Assigned task: Retype, word for word, the line holding "Aha! Notebooks —" and every line below it to the end of the listing. Leave out the pictures.

Provided material:
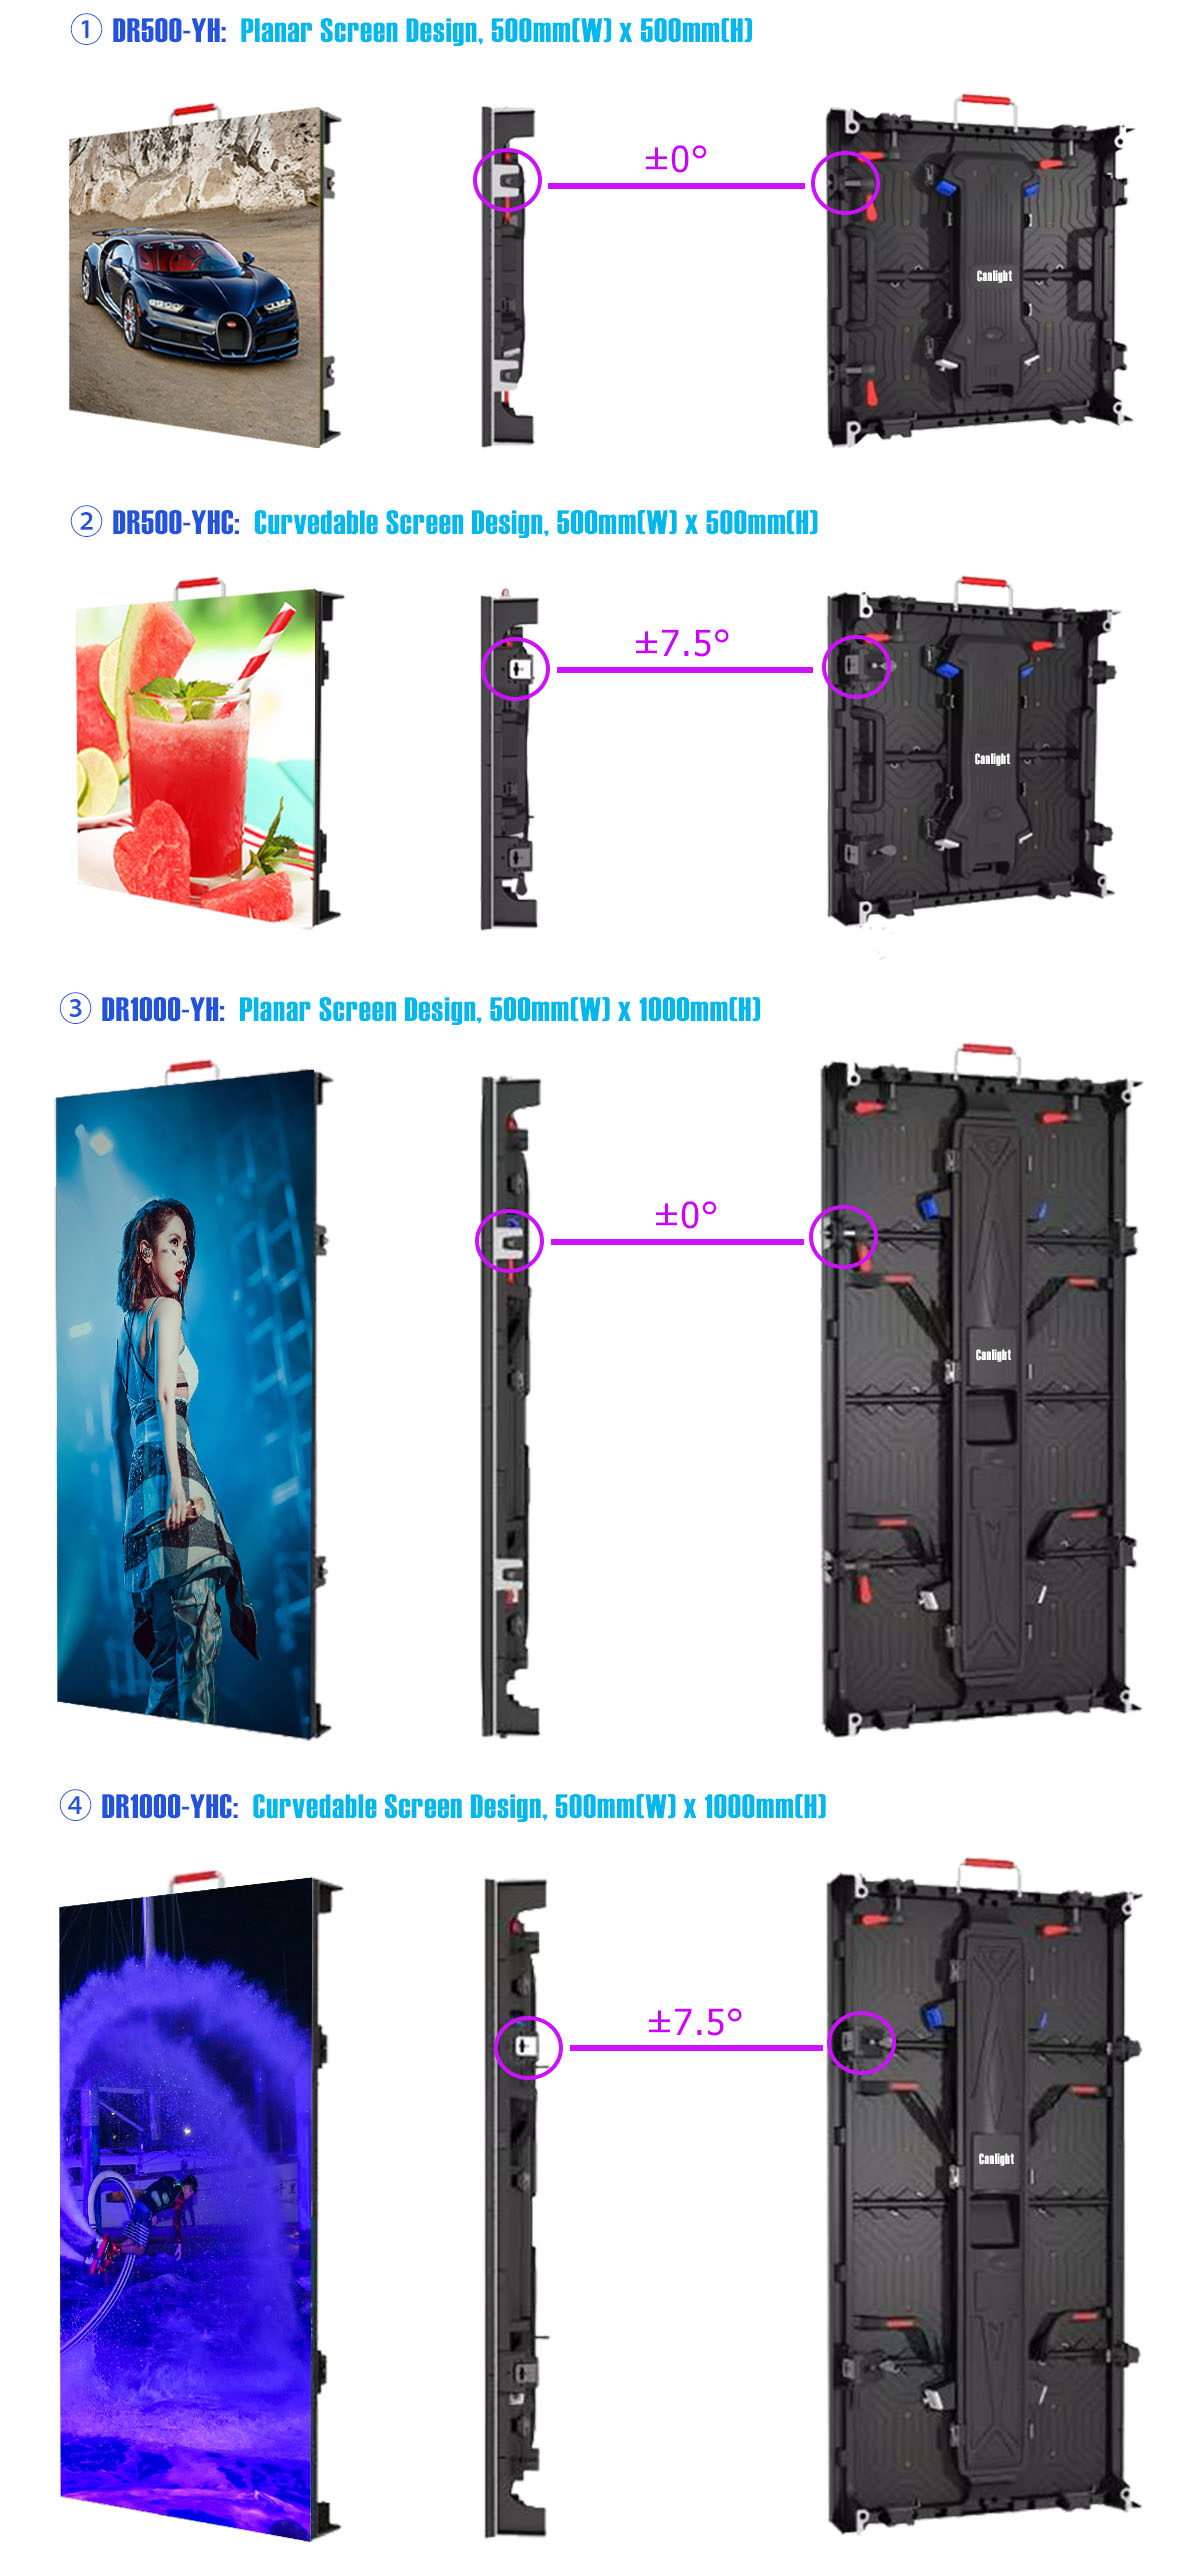 The 8th Features of DR500-YH 500x500mm and DR1000-YH 500x1000mm Curvedable Die-cast LED Cabinet Panel of Professional Rental LED Display Screen Application
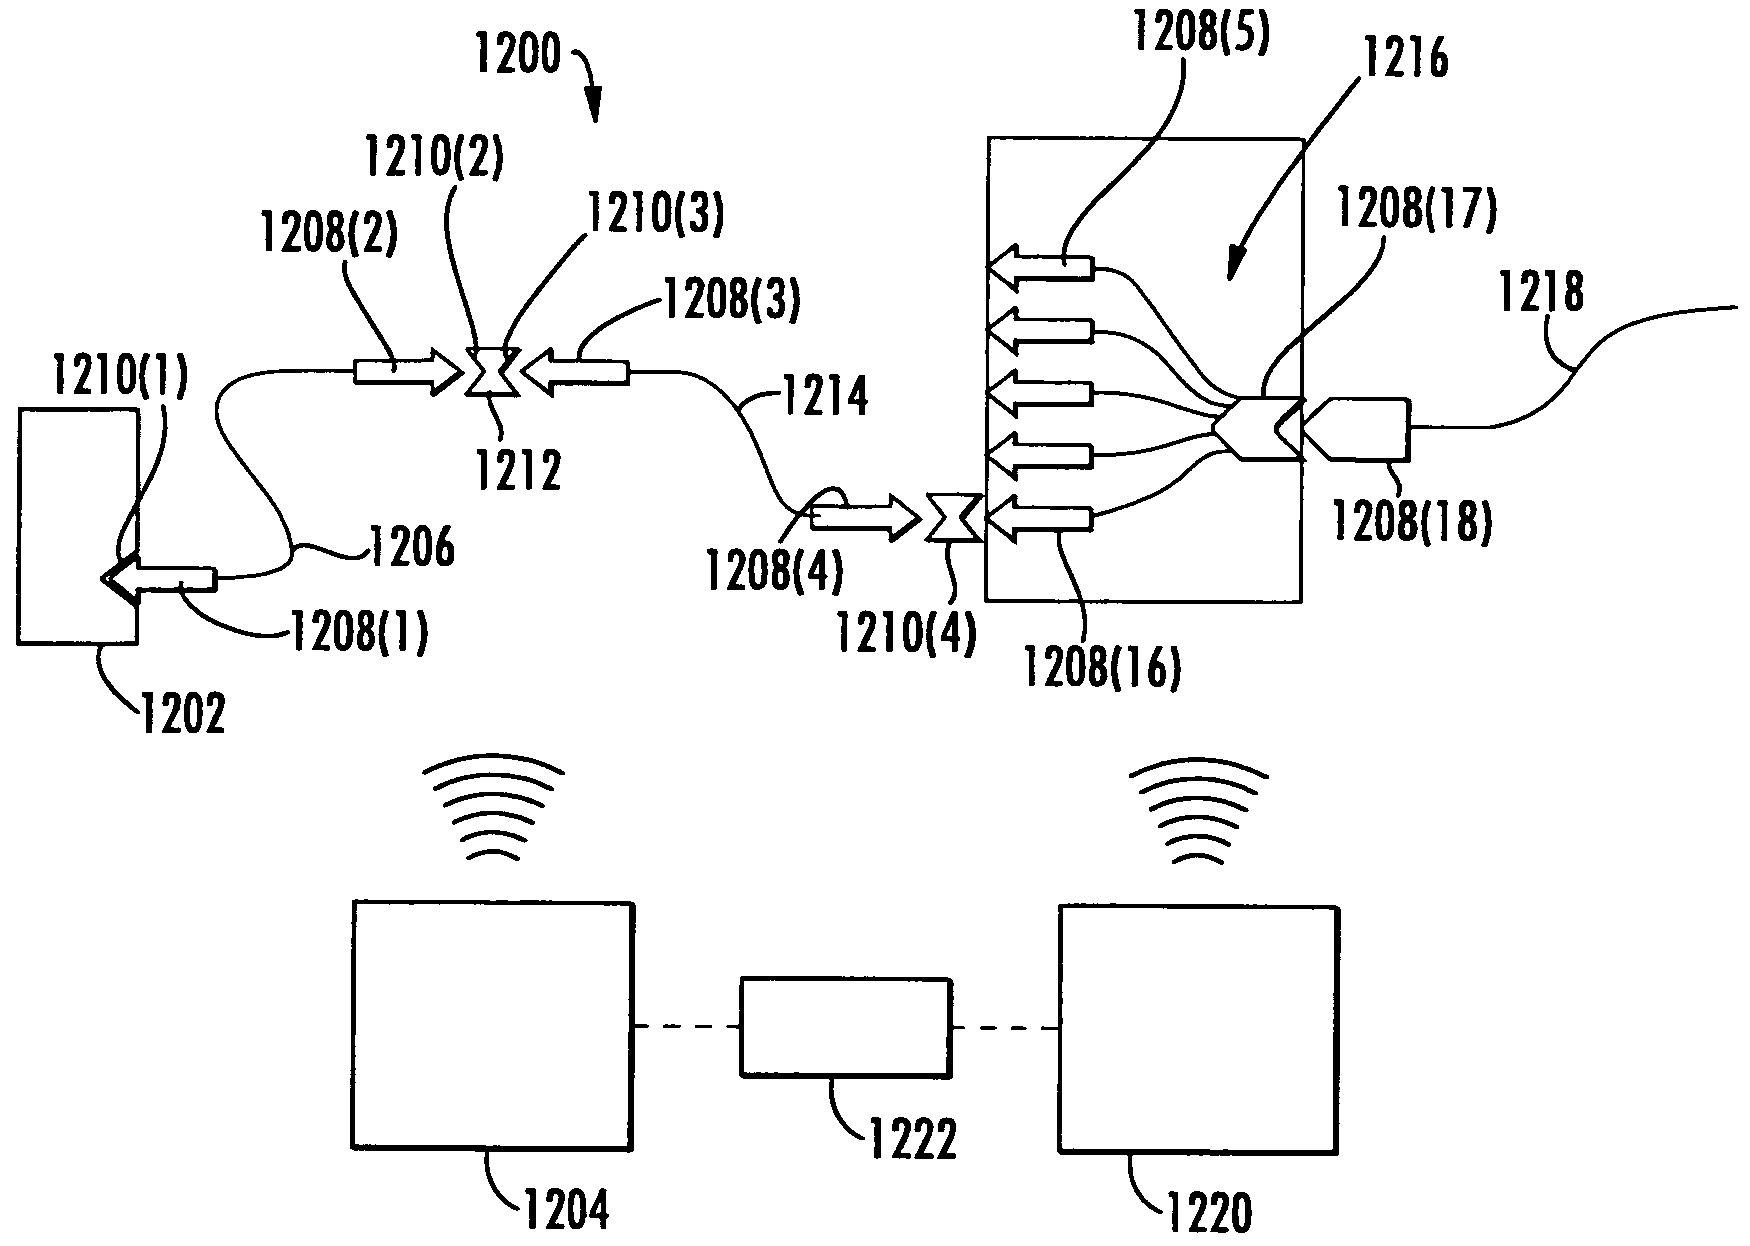 System for mapping connections using RFID function
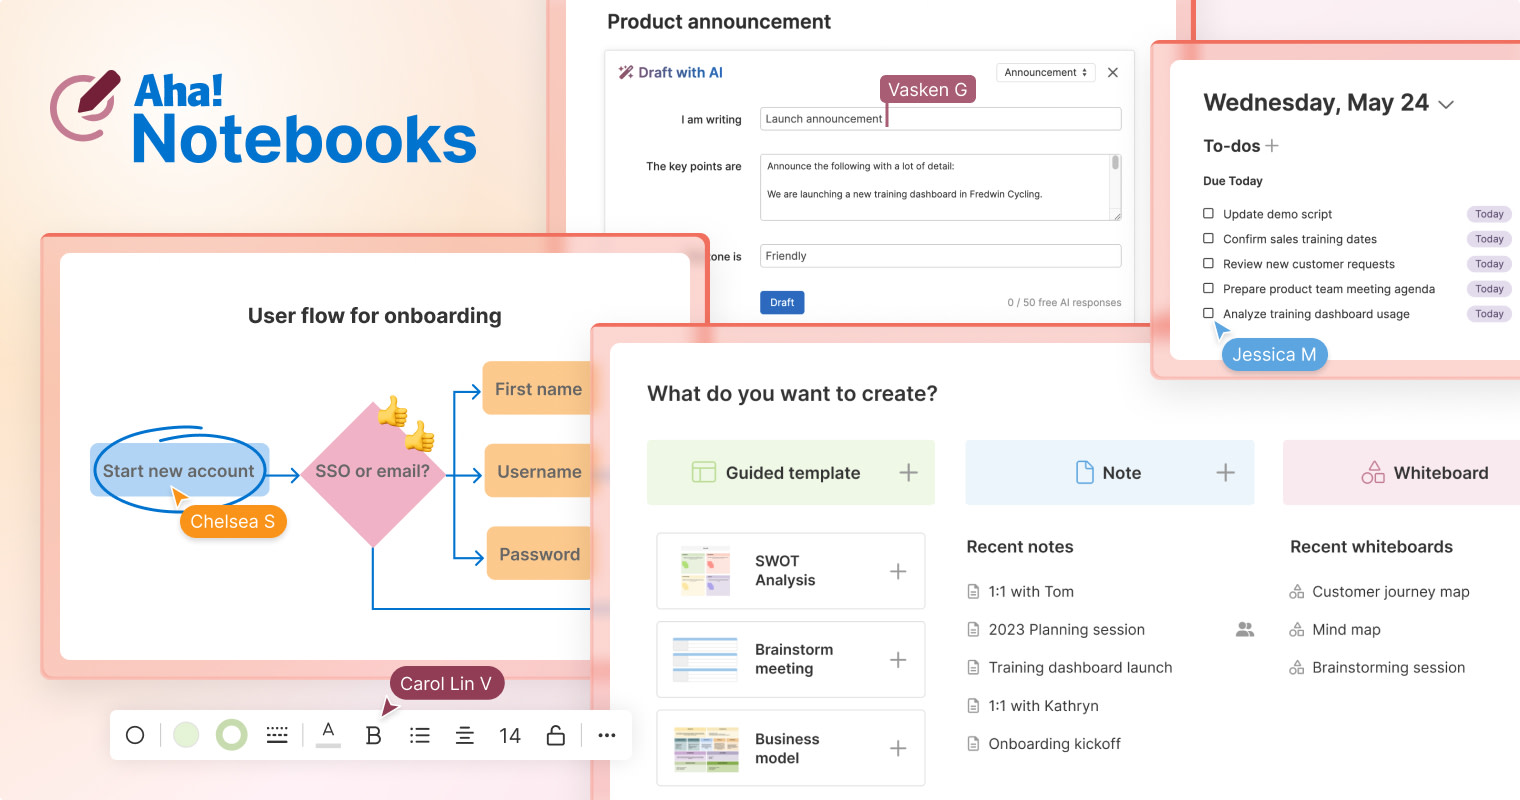 Aha! Notebooks — Your Product Documents, Whiteboards, and Tasks in One Place
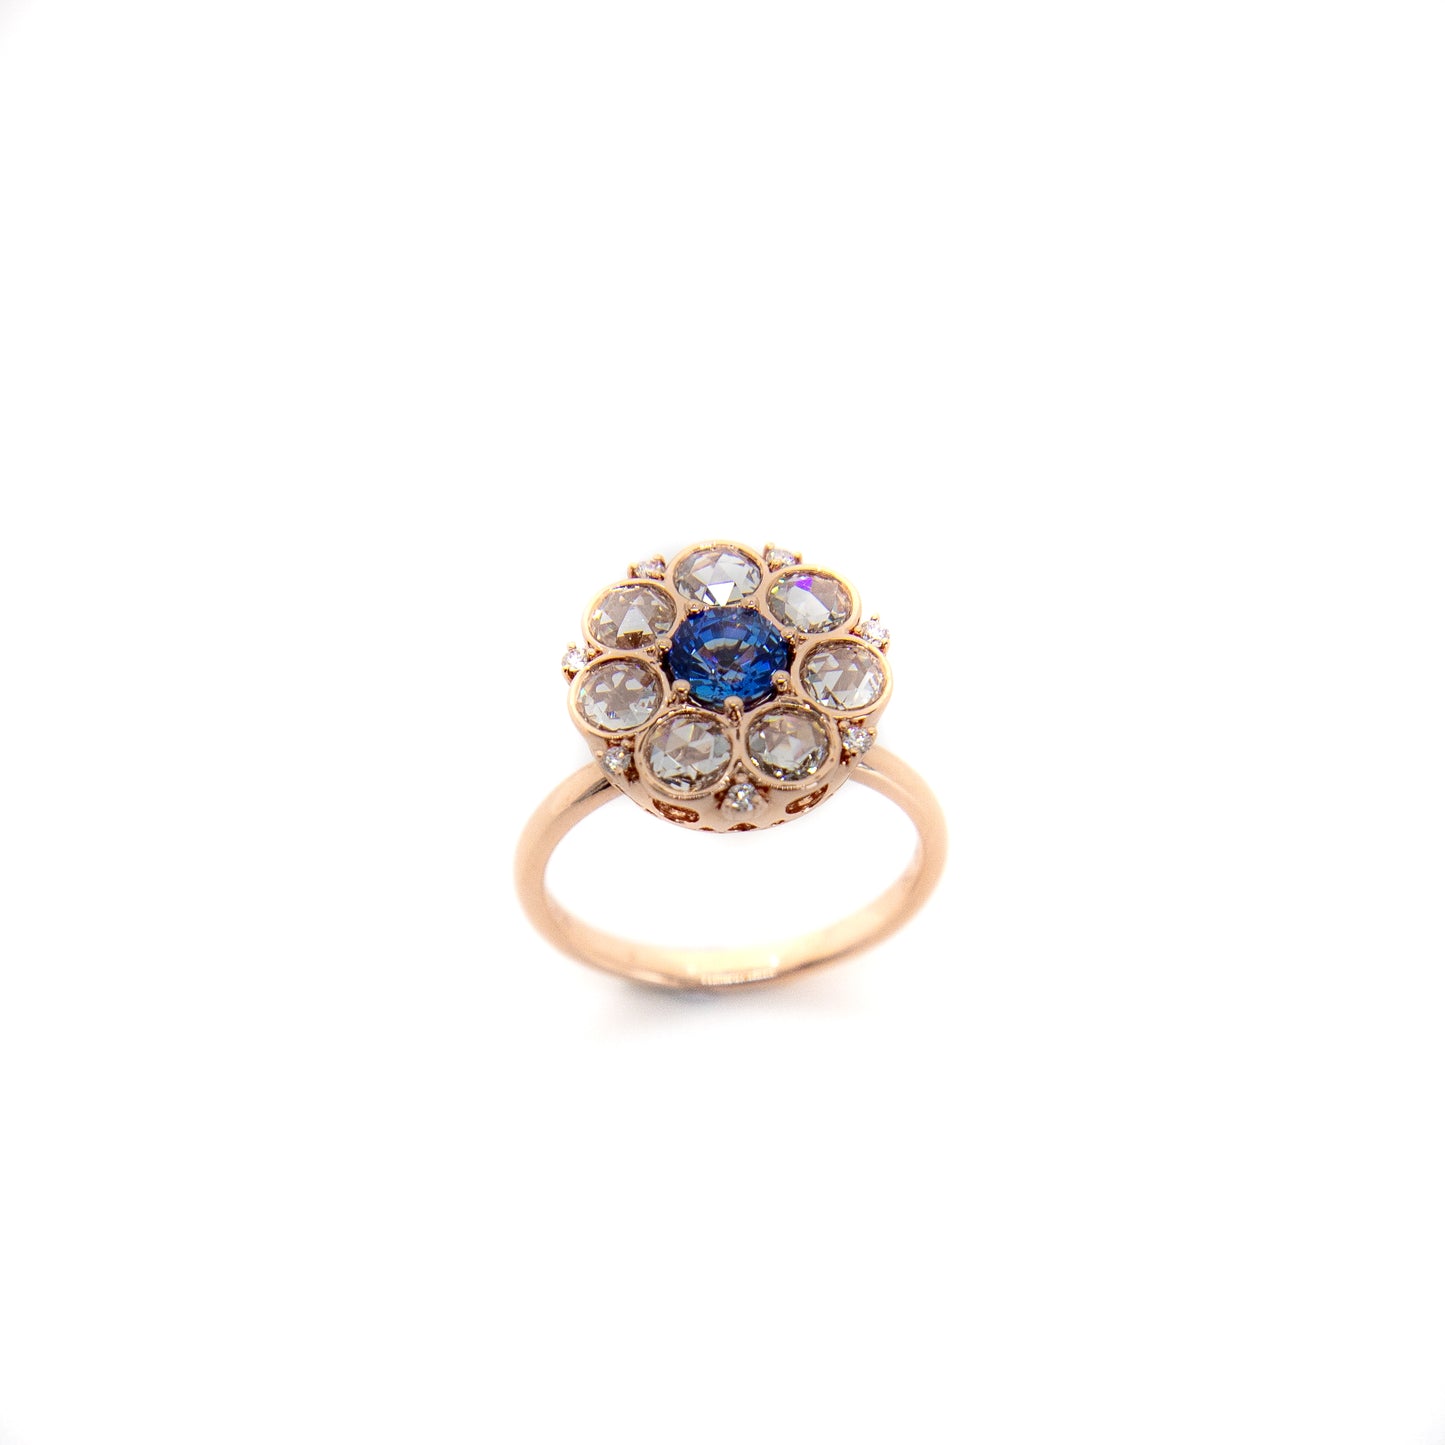 sapphire diamond cluster ring, rose cut diamonds, rose cut diamond ring, light blue sapphire ring, sapphire cluster ring, antique ring, rose cut, hong kong jewellery, ornate jewellery, cocktail ring,

Finished task:
 Aha! Notebooks — Your Product Documents, Whiteboards, and Tasks in One Place
 sapphire diamond cluster ring, rose cut diamonds, rose cut diamond ring, light blue sapphire ring, sapphire cluster ring, antique ring, rose cut, hong kong jewellery, ornate jewellery, cocktail ring,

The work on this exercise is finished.